- Information shown:
*** Begin section ***

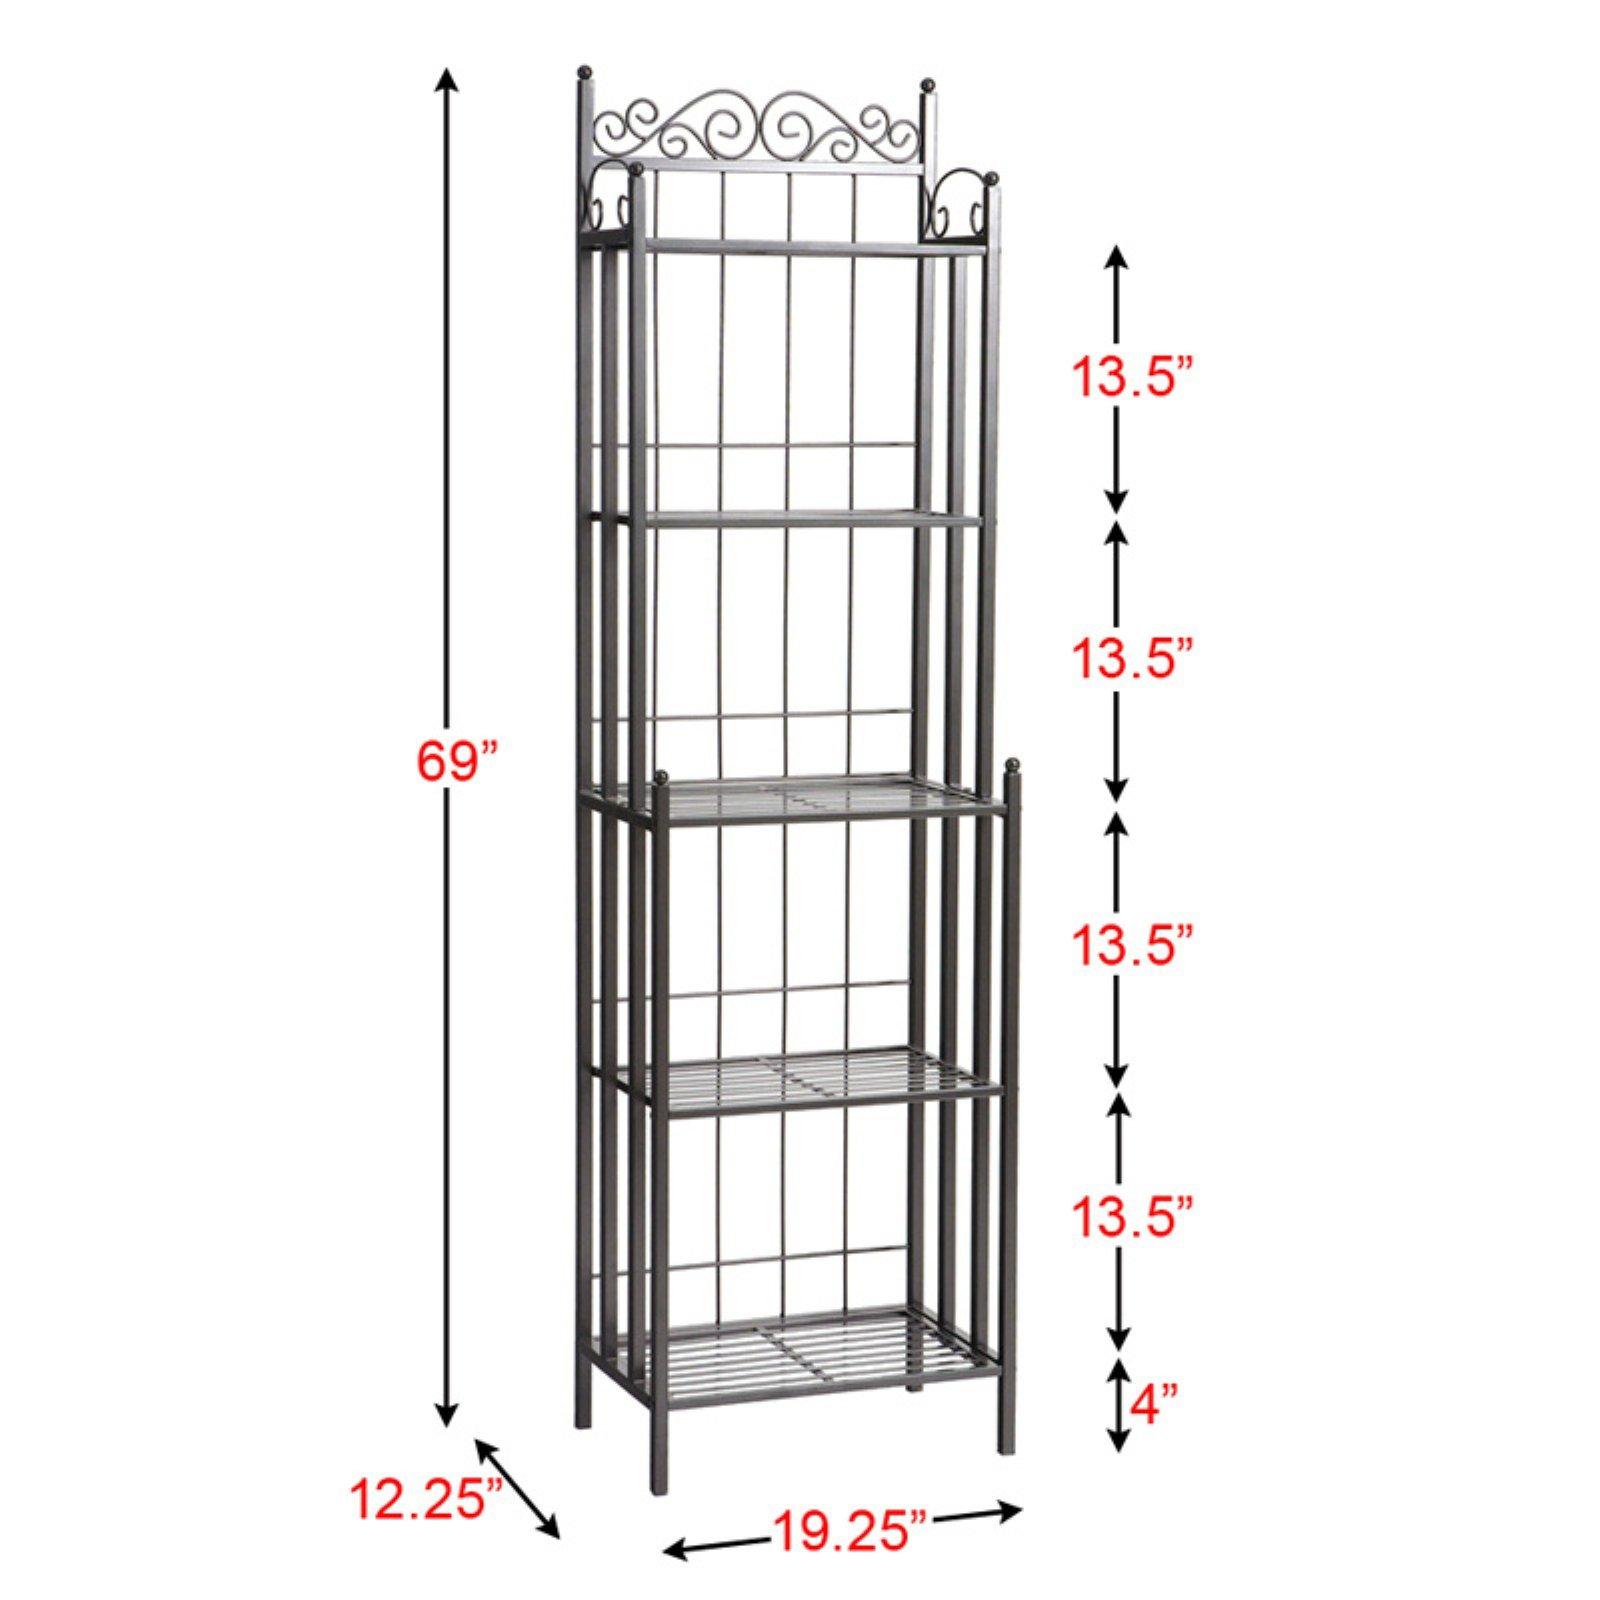 Versatile Vertical Victorian Style 5 Tier Standing Narrow Baker Rack, Planter Stand Storage Shelf for Indoor with Iron Frame, Balcony Shelving Unit, Rustproof Organizer for Corner, Plant Shelves by Nova Natural (Image #7)
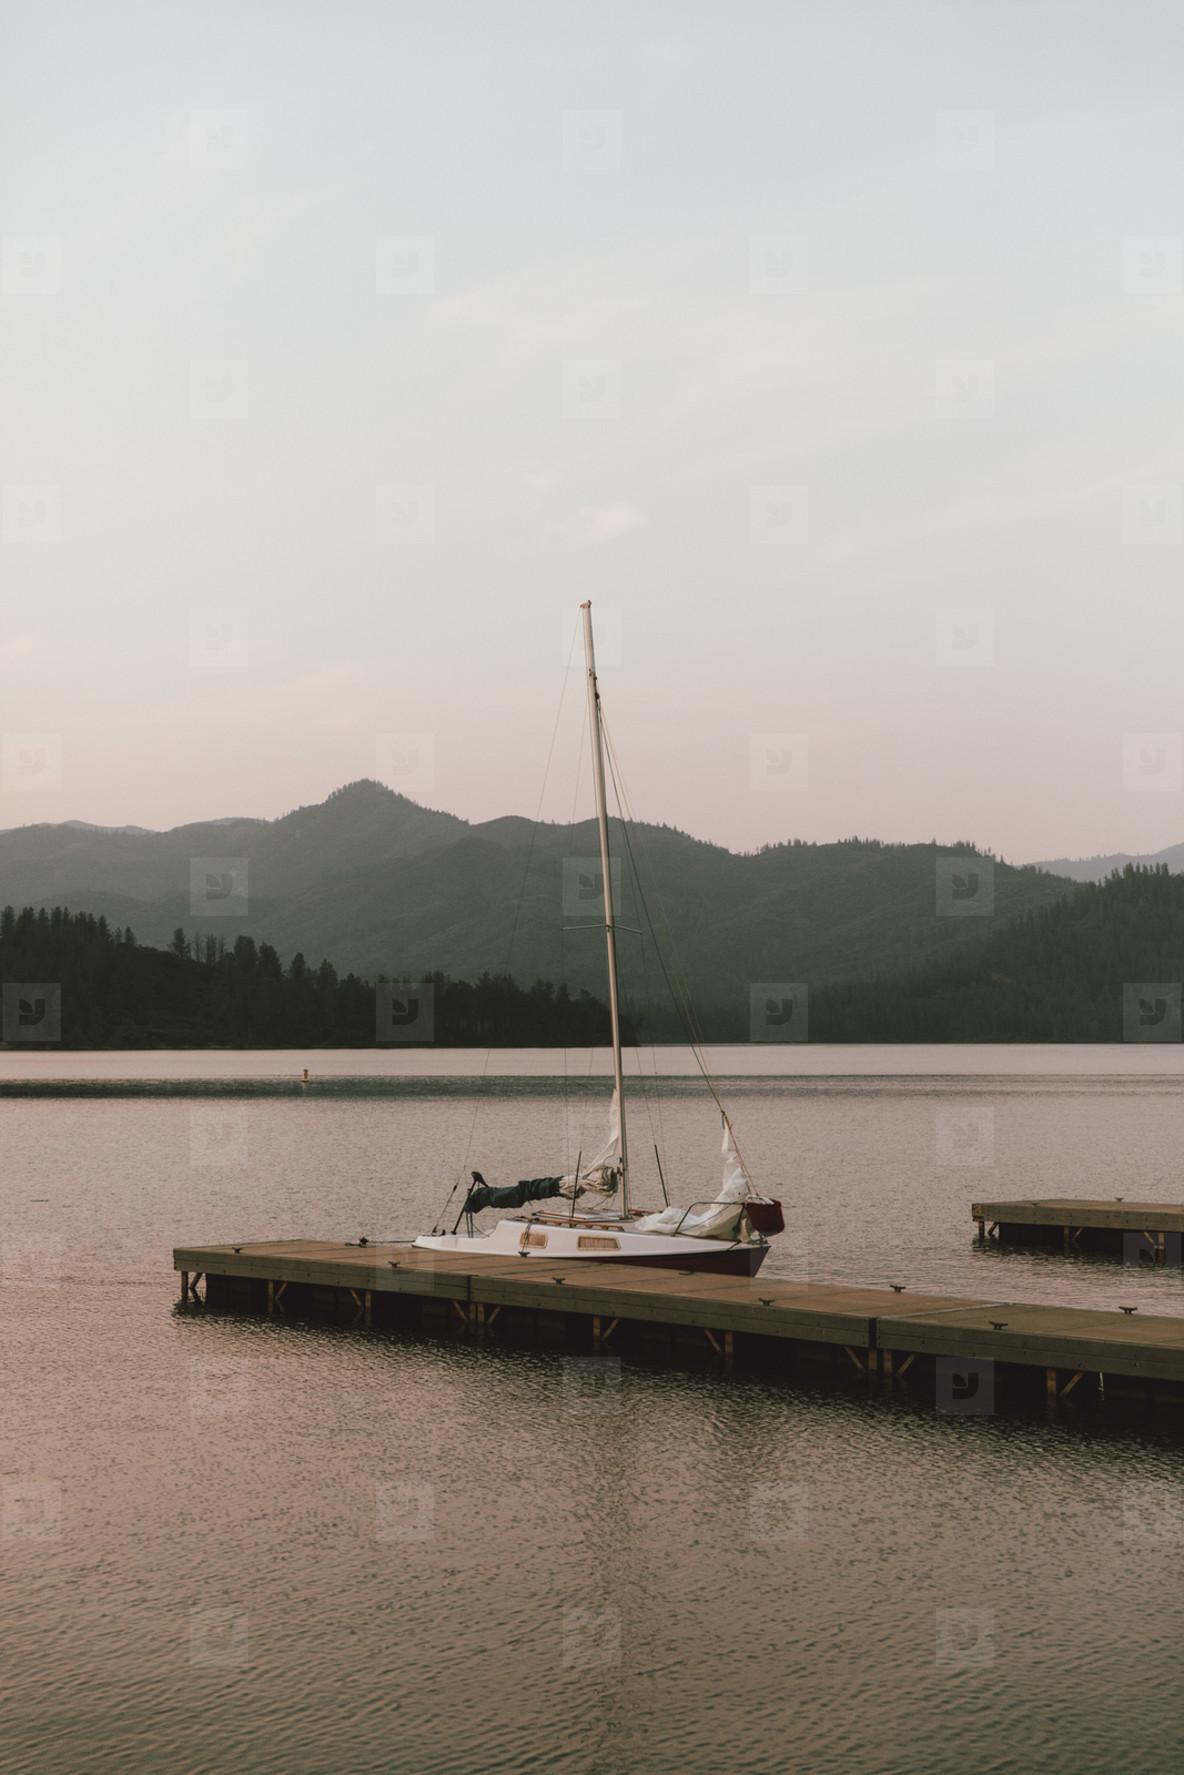 Sailboat moored at dock on tranquil Whiskeytown  USA
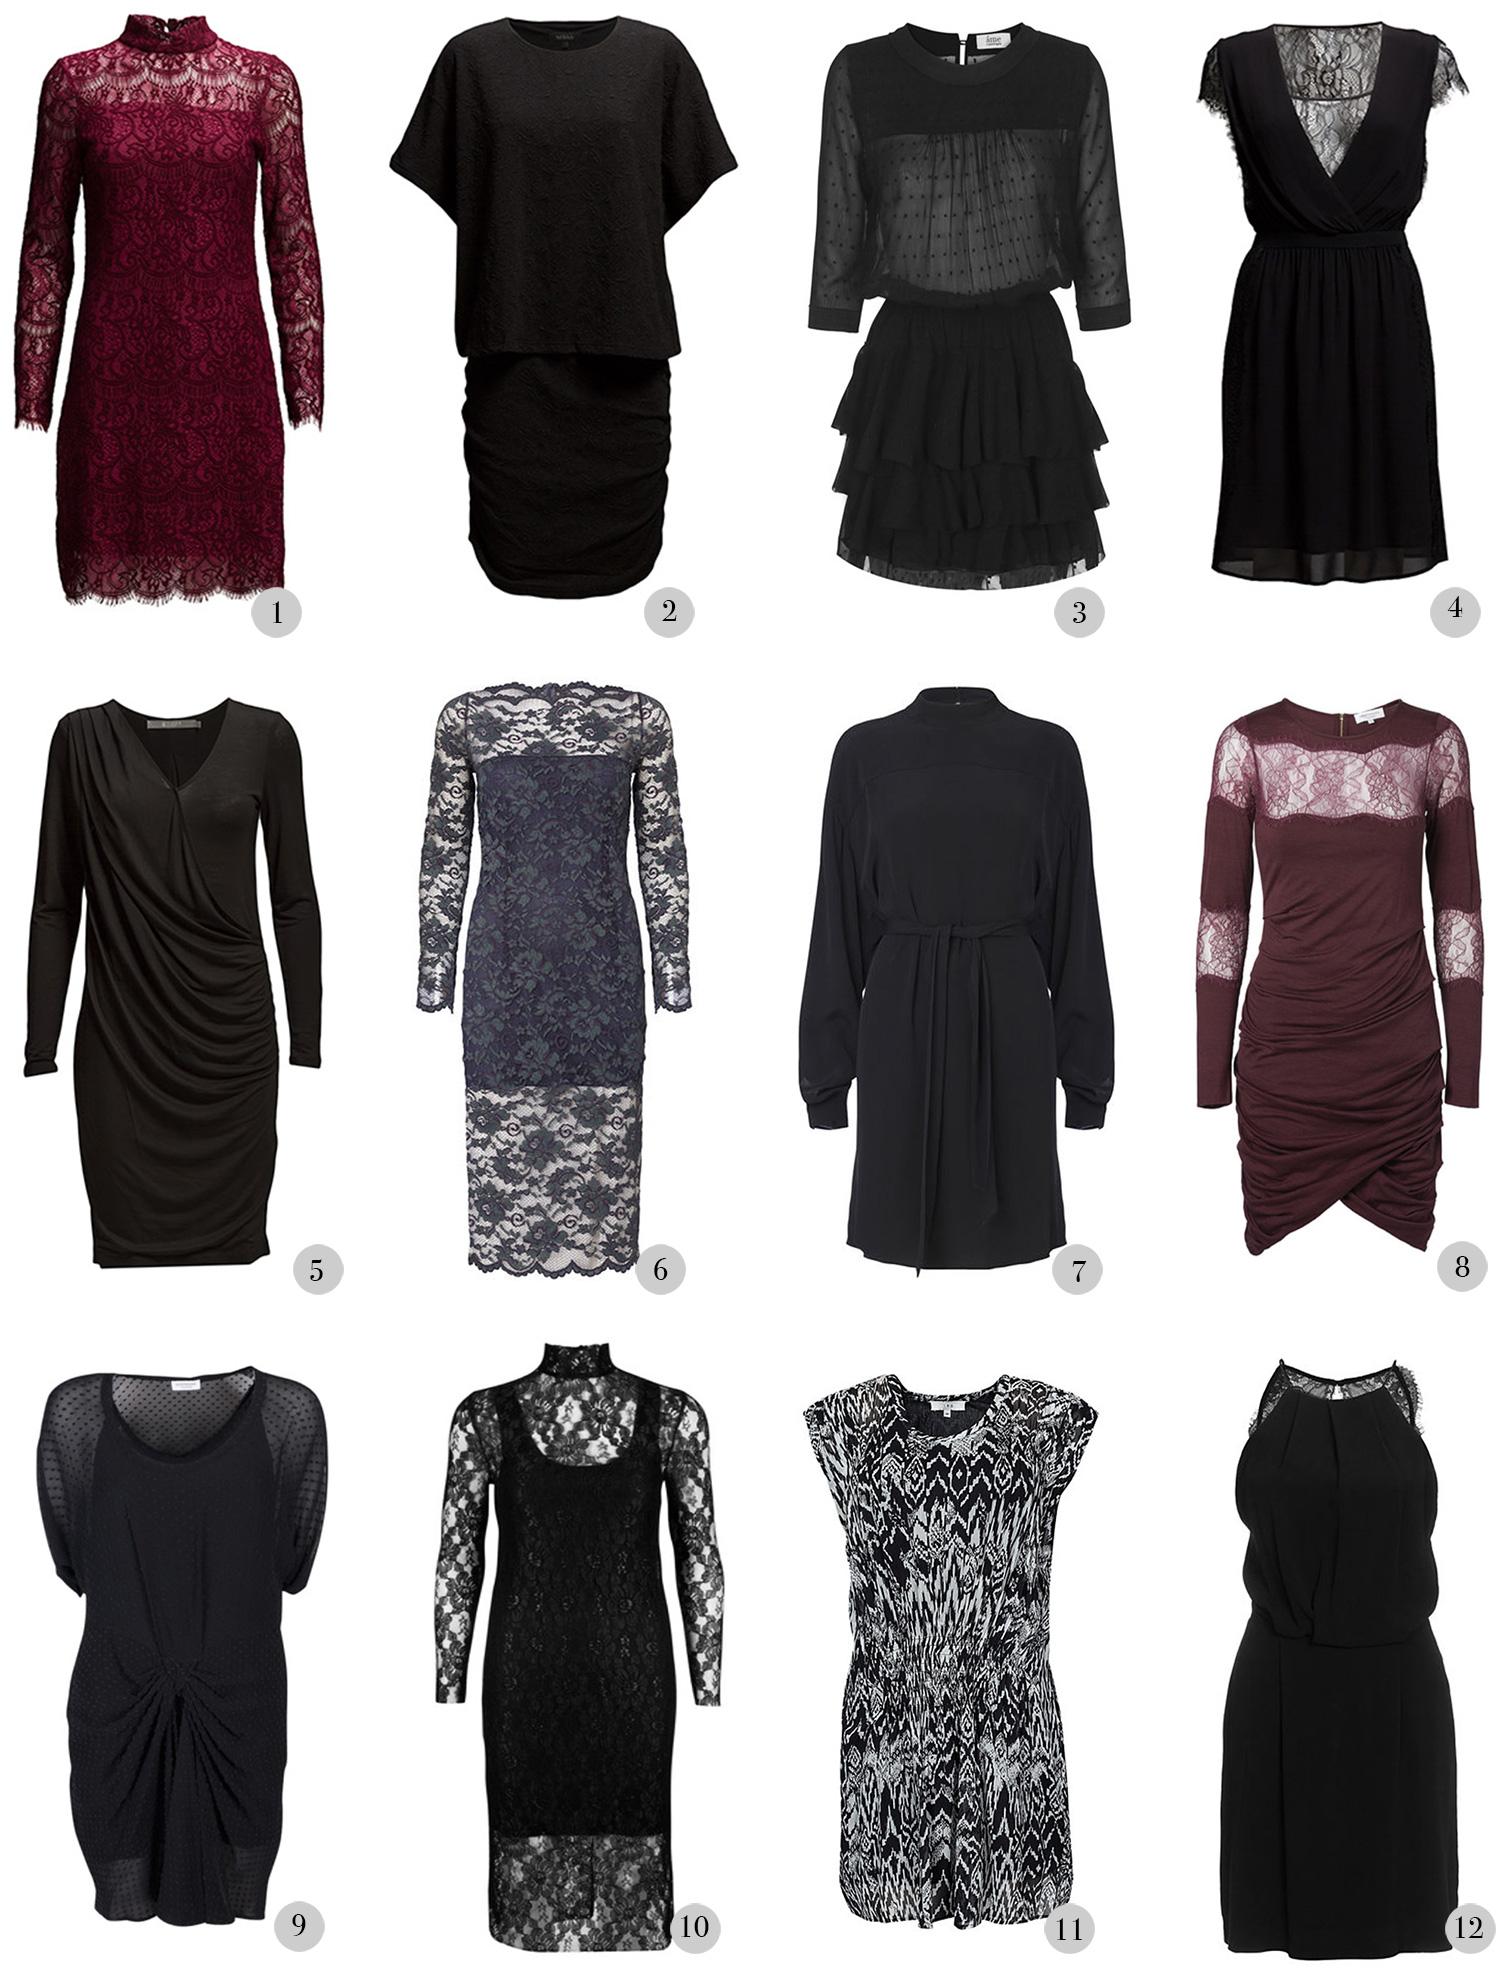 20d6a2b8890a Christmas party dresses - Christina Dueholm

*** End section ***

- What to produce:
Beginning at the line with "Sailboat moored at" and ending at the last line of the listing above, retype each line exactly, including those two lines. Leave the pictures out.

- Output of the task:
 Sailboat moored at dock on tranquil Whiskeytown  USA
 20d6a2b8890a Christmas party dresses - Christina Dueholm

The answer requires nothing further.